Exercise brief
Below are the records. Reproduce exactly the lines from the one containing "100h x 130 cm.&amp;nbsp;" through the final line, and omit any pictures.

BEGIN Extracted records

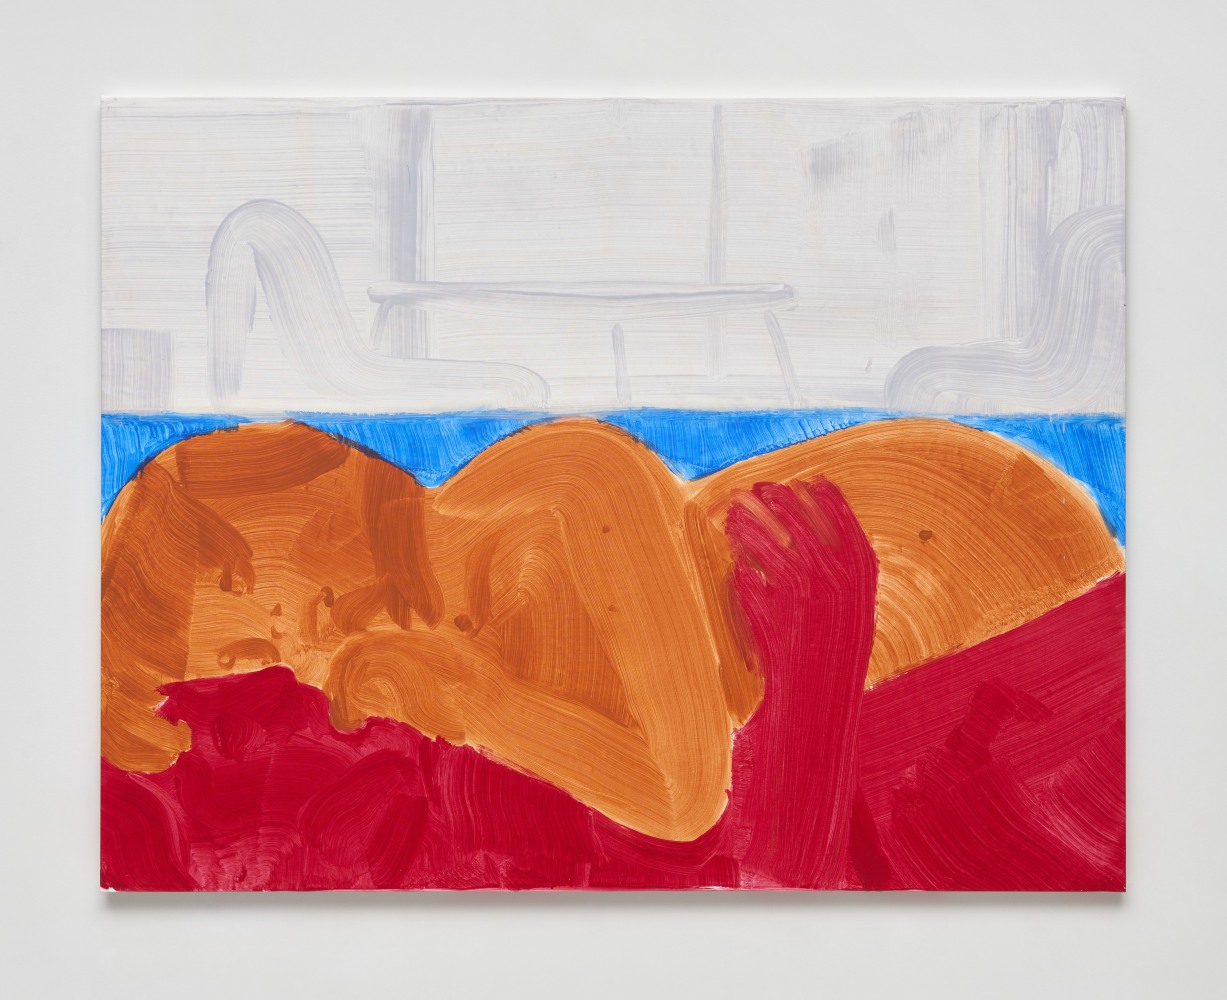 Philipp Kremer&amp;nbsp;

Couple (II-XIV),&amp;nbsp;2020

acrylic on canvas&amp;nbsp;

100h x 130 cm.&amp;nbsp;

40h x 51w in.
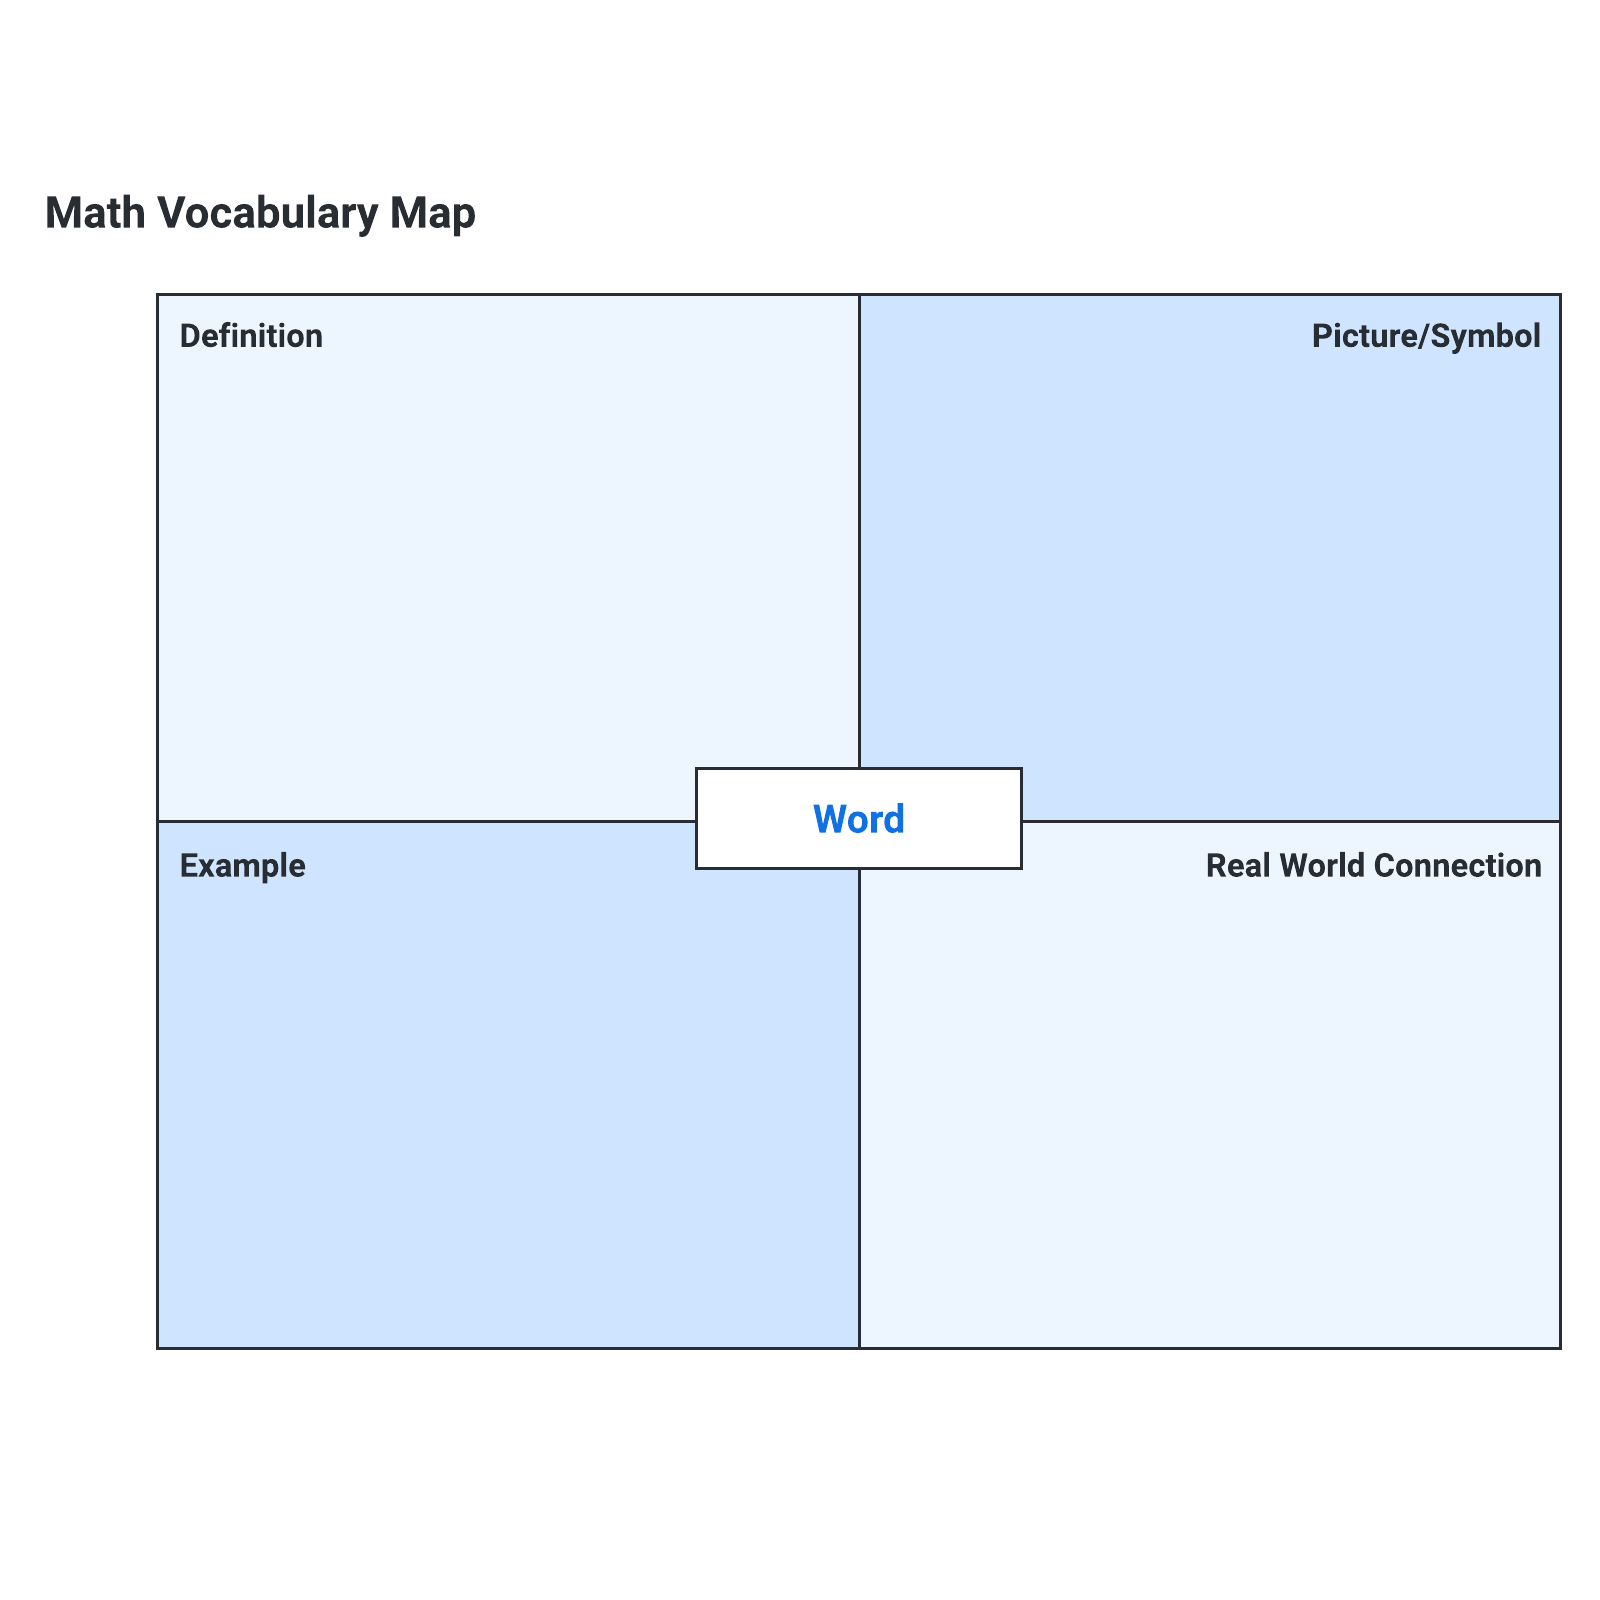 Math vocabulary map example
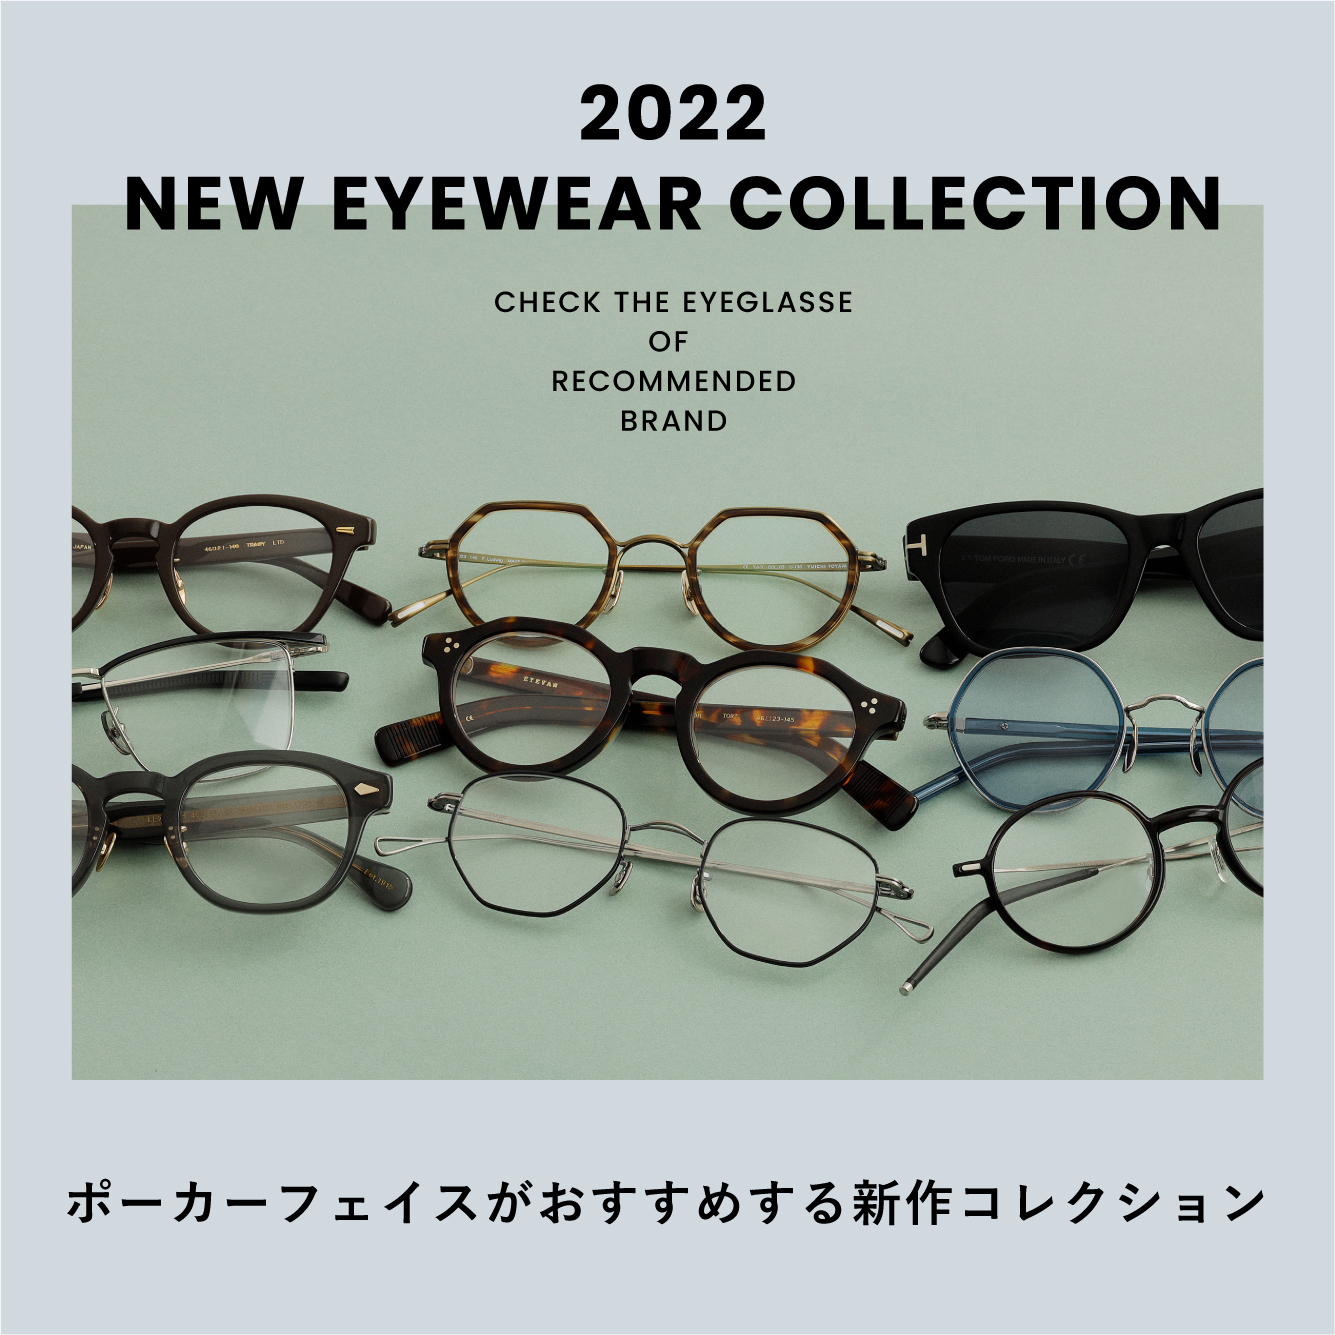 【POKER FACE 2022 NEW EYEWEAR COLLECTION】

END Extracted records

Response area
100h x 130 cm.&amp;nbsp;

40h x 51w in.
 Math vocabulary map example
 【POKER FACE 2022 NEW EYEWEAR COLLECTION】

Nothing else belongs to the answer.